Research Article | Open Access
Brain Angiotensin II Type 1 Receptor Blockade Improves Dairy Blood Pressure Variability via Sympathoinhibition in Hypertensive Rats
Abnormal blood pressure (BP) elevation in early morning is known to cause cardiovascular events. Previous studies have suggested that one of the reasons in abnormal dairy BP variability is sympathoexcitation. We have demonstrated that brain angiotensin II type 1 receptor (AT1R) causes sympathoexcitation. The aim of the present study was to investigate whether central AT1R blockade attenuates the excess BP elevation in rest-to-active phase in hypertensive rats or not. Stroke-prone spontaneously hypertensive rats (SHRSP) were treated with intracerebroventricular infusion (ICV) of AT1R receptor blocker (ARB), oral administration of hydralazine (HYD), or ICV of vehicle (VEH). Telemetric averaged mean BP (MBP) was measured at early morning (EM), after morning (AM), and night (NT). At EM, MBP was significantly lower in ARB to a greater extent than in HYD compared to VEH, though MBP at AM was the same in ARB and HYD. At NT, MBP was also significantly lower in ARB than in HYD. These results in MBP were compatible to those in sympathoexcitation and suggest that central AT1R blockade attenuates excess BP elevation in early active phase and continuous BP elevation during rest phase independent of depressor response in hypertensive rats.

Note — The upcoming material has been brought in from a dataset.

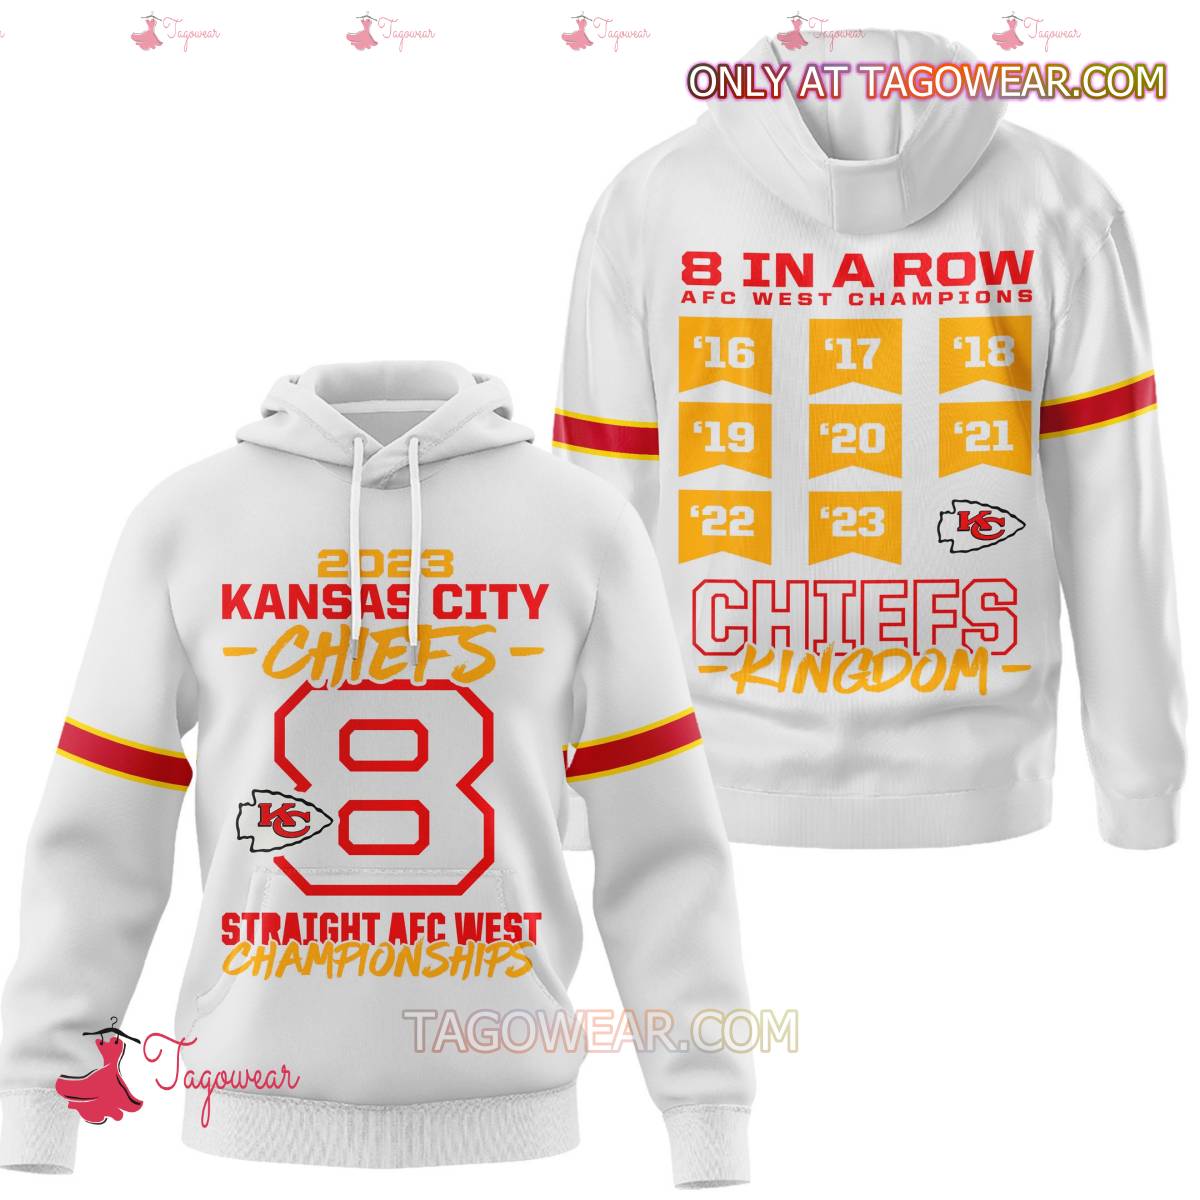 2023 Kansas City Chiefs 8 Straight Afc West Championships T-shirt, Hoodie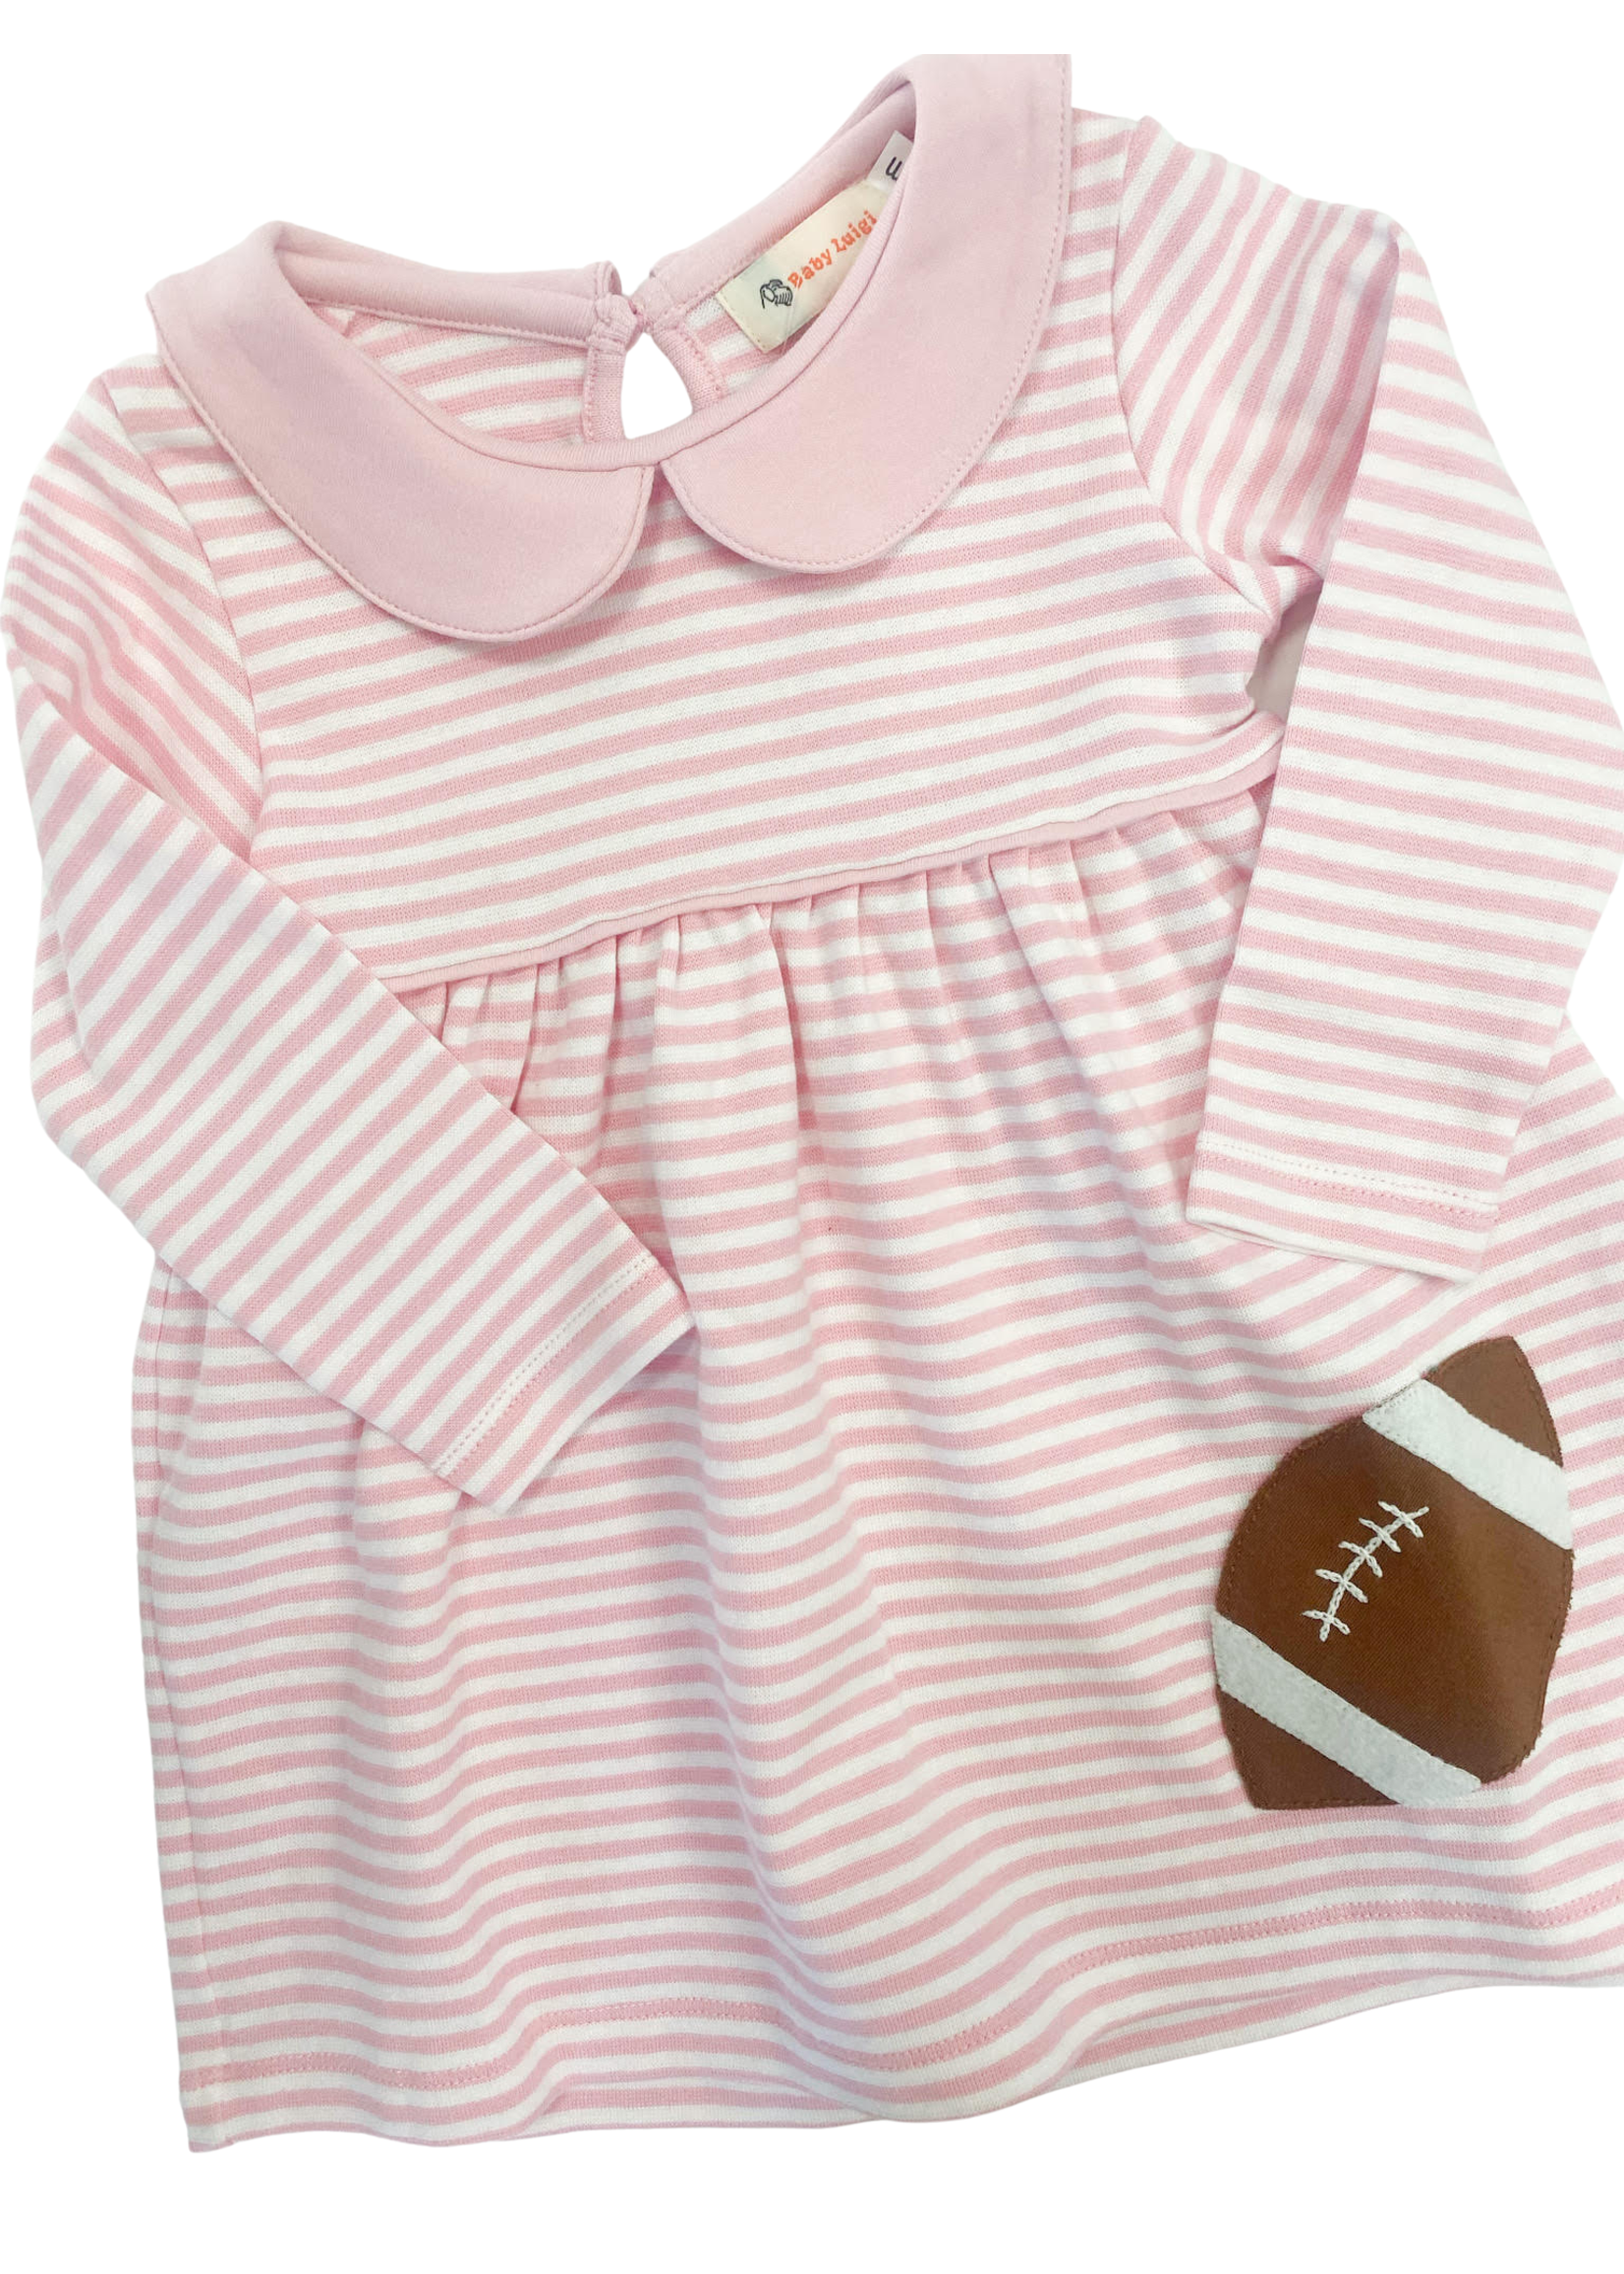 Luigi Luigi Pink Stripe Football Dress

Hypertension is established as a major risk factor for cardiovascular disease, and antihypertensive treatments are necessary to prevent the cardiovascular events . We have already various and effective antihypertensive agents. However, it is also true that our antihypertensive treatments could not achieve the optimal blood pressure levels [2, 3]. Among the unmet prevention for hypertensive cardiovascular events, early morning blood pressure elevation is known to be associated with cardiovascular events [4, 5]. Recent several studies have suggested that morning surge should be a crucial target of the treatments for hypertension [6–8]. There are so much various factors to cause morning surge [4, 5], and, among the factors, sympathoexcitation and baroreflex dysfunction are closely associated with blood pressure elevation in the early morning .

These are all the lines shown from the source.